I have read the article and it appears to be mostly commentary about the General with quotes, mainly from his staff. Some, but not necessarily all of what they said may have come from McChrystal but it is reasonable to assume that some was their own opinions and are not the Generals responsibility. The whole thing comes down to the fact that a commander has opinions that the administration doesn’t like, and those opinions are about them. There is no suggestion that the man is in anyway incompetent or unable to do the job, in fact he seems to be very good at it.

He is essentially being railroaded on the basis of a slime job by a left wing rag.

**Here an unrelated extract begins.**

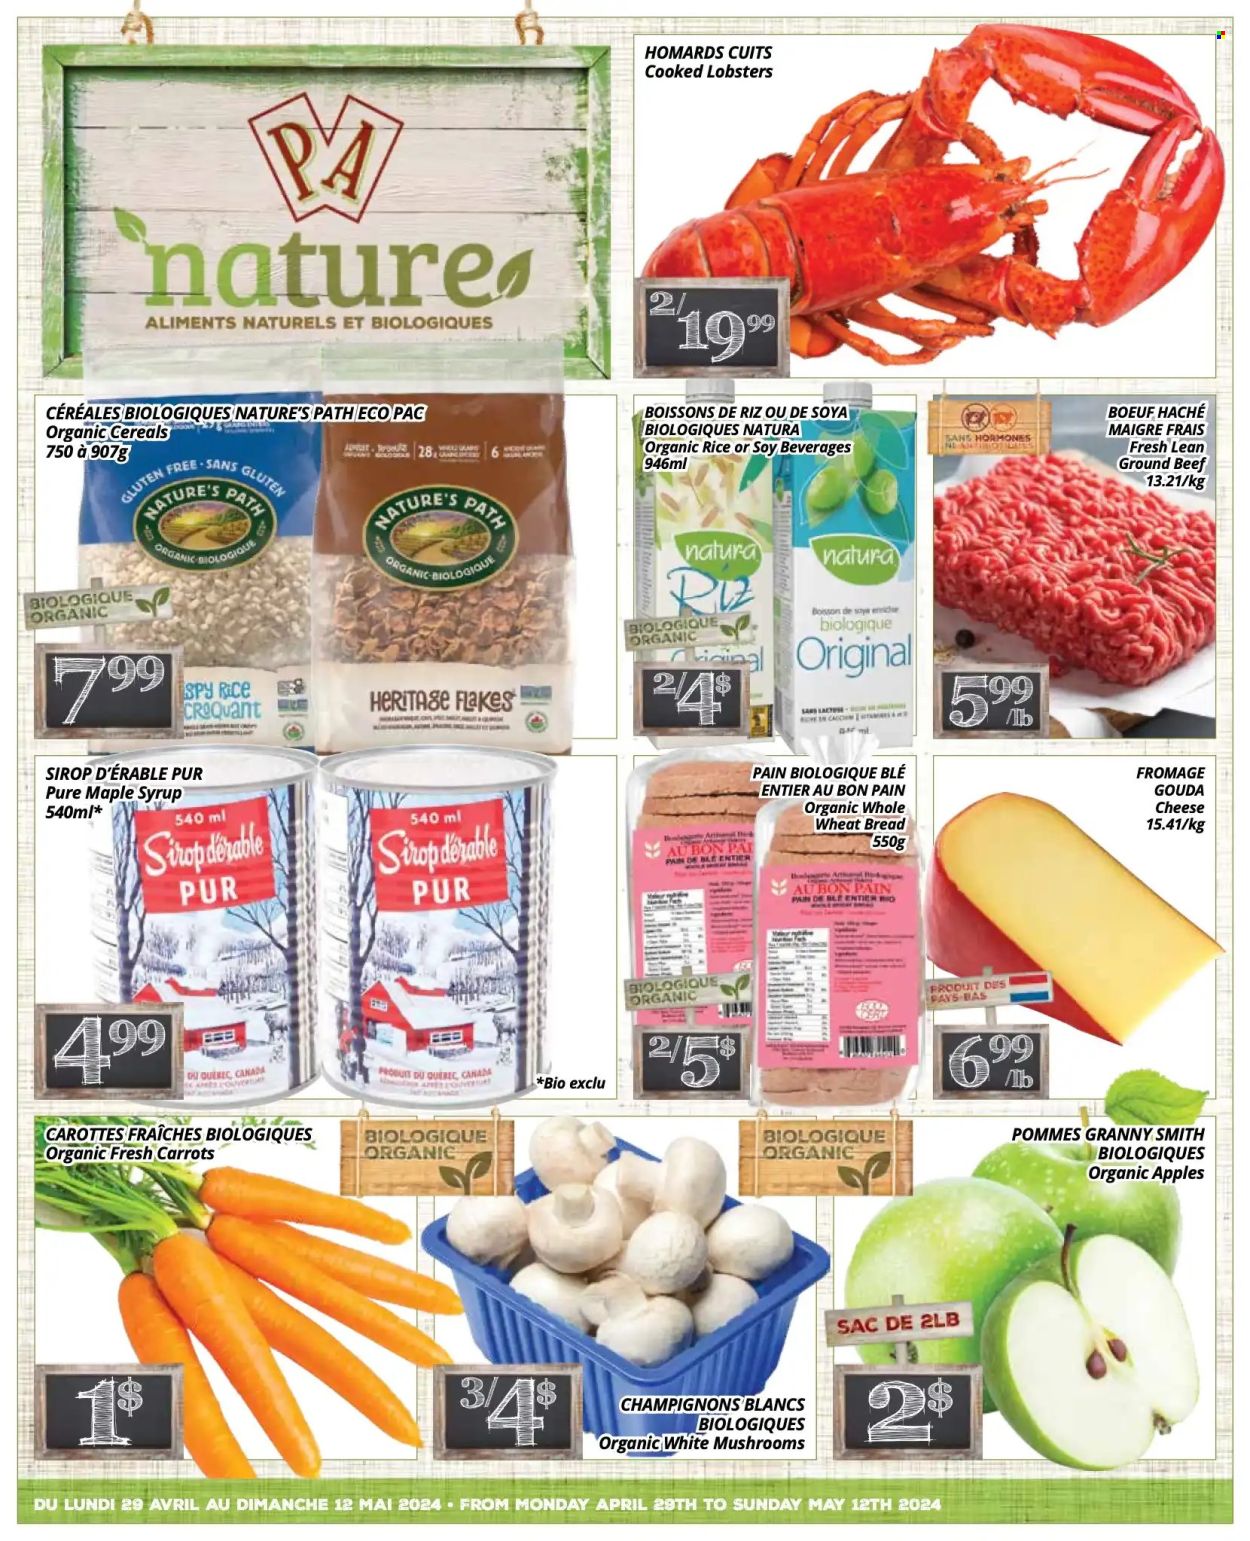 thumbnail - Circulaire PA Nature - 29 Avril 2024 - 12 Mai 2024 - Produits soldés - carotte, champignon, viande boeuf, viande hachée, fromage, boisson végétale, sirop. Page 1.

  1. OF COURSE the media is trying to spin this as "brilliant, decisive leadership" on the president's part (after literally MONTHS of indecision and dithering on troop levels, oil spills, which golf course to play) and comparing it...over and over and Truman firing MacArthur during the Korean War. Mac was openly advocating dropping atomic bombs on Red China, for Christ's sake; McChrystal hurt poor wittle Bawack's feewings (especially that ego.)

    Yup, exact same thing alright.

  2. I also notice them trying to align it to Lincoln's firing of General McClellan which is really stretching it. For some reason McClellan was reluctant to take his army into action against Lee and the only option open was to get him out of there and appoint someone who would do the job.

    McChrystal was a fighting general and to be respected. In fact the whole article is on reflection the opinions of his aides and some observations from the reporter, who seems to have been on a mission to destroy him.

    Bwacky is no Truman, never mind a Lincoln.

  3. Hell, he's not even a Jimmy Carter.

  4. I agree on that and ironically was thinking a few days ago of the slogan "a second term for Jimmy Carter," which was an answer to the lefts "a third term for Bush." I came to the conclusion that it had been really unfair to Carter, as he was a better man than this.

    Carter was an incompetent, but he was at least willing to try and in his own way had the interests of the nation at heart, even if he didn't have a clue as to what those interests really were.